I've been tasked with setting up a wiki for our developers to share project information (Server IPs, Interface Documentation, Architecture Diagrams, etc). My manager has suggested Deki and I've also heard of MediaWiki and Twiki. One project here uses Trac but we don't need it's SVN capabilities and we'd like to have a WYSIWYG editor if possible. We also want to host this wiki locally.
I couldn't find many web resources comparing the various wiki platforms and previous stack overflow questions haven't really addressed the question directly.
What's the best wiki platform? What have used in the past that's been good / terrible?
Requirements:
- WYSIWYG
- Clean interface
- Easy to use
- Attach Files to pages
- User Management Hierarchy (Users / Groups)
- Open source
- Hosted Locally
If not duplicate, pretty similar: Coding Standard Wiki
Update:
We've decided to go with Deki. Great interface, WYSIWYG, User Hierarchy and installing from the VM image was a snap. I upvoted the Deki post but I'm going to give best answer to the wikimatrix answer as that was the best suggestion for helping me compare the various wikis platforms. Thanks!
Try comparing them in Wiki Matrix
I don't know if it has all the features you want...(but I suspect it might)
ScrewTurn Wiki
nevermind...it doesn't have WYSIWYG editing...
I'm not sure about the "User Management Hierarchy (Users / Groups)" but MoinMoin covers all the other bases.
Since Wikis are generally flat (i.e. everyone can do everything), I'm not sure separating users into more than two hierarchies (admins and normal users) makes that much sense. Of course, people who have never user a Wiki before are usually driven by fear and doubt and they will believe that they must protect the wiki against vandals.
The counter-argument is that you can't delete anything in a wiki and that Wikipedia has survived years in the Internet with little protection. Since "revert" is just one click away and it's cheap, I think energy is better invested into other features of a wiki engine.
A little note from personal experience: The WYSIWYG editors are still in their infancy. I find that I'm much faster when using the raw edit mode.
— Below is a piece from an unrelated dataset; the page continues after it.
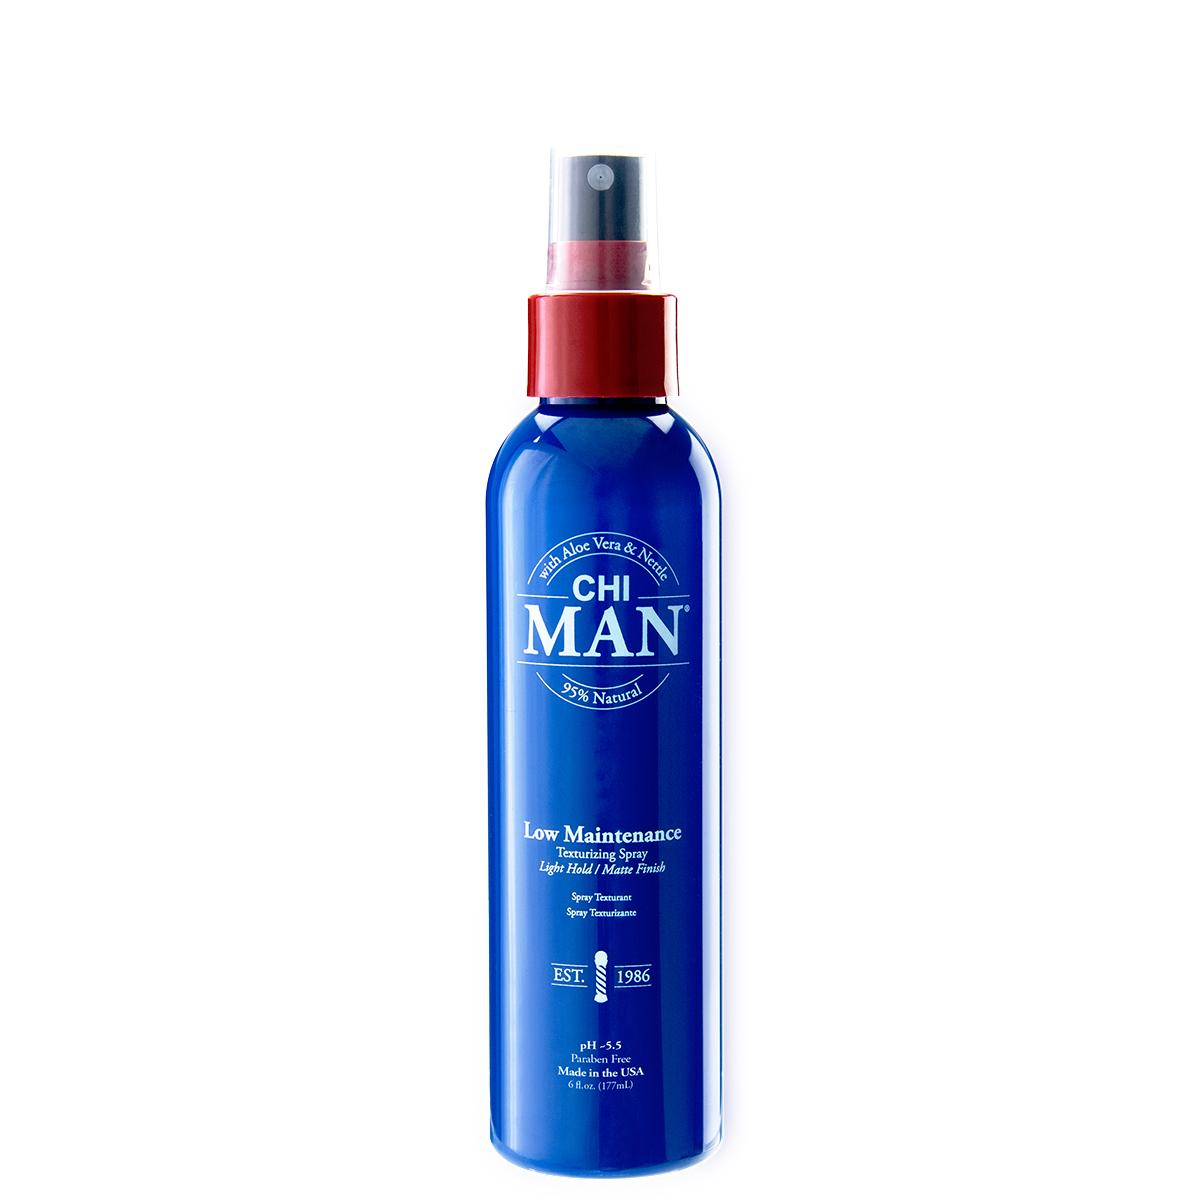 ТЕКСТУРИРАЩ СПРЕЙ С OUD АРОМАТ CHI Man Low Maintenance Texturizing Spray

The feature makes it more simple to sell it to upper management, though (= people who think "Word" == "Operating System").
Although I mostly use MediaWiki, it doesn't have WYSIWYG and it's not good for restricting reading. If you want to restrict editing (as per your "User Management Hierarchy (Users / Groups)") then it's quite doable, but for restricting reading there's basically on guarantee that you can do it in a water-tight manner. It's just not built for that.
Maybe you should look at TWiki. It has a WYSIWYG editor and you can also write directly in HTML. This is beneficial because you're not storing the pagers in an intermediary layer of wiki markup.
I believe it has very powerful access control from the ground-up too. For users it is quite nice. I think it is tricky to install, but you didn't list easy installation as one of your requirements. ;) Once you get past that it should be fine. It also has a strong community, although keep an eye out for differently named forks thanks to a recent, uh, disturbance.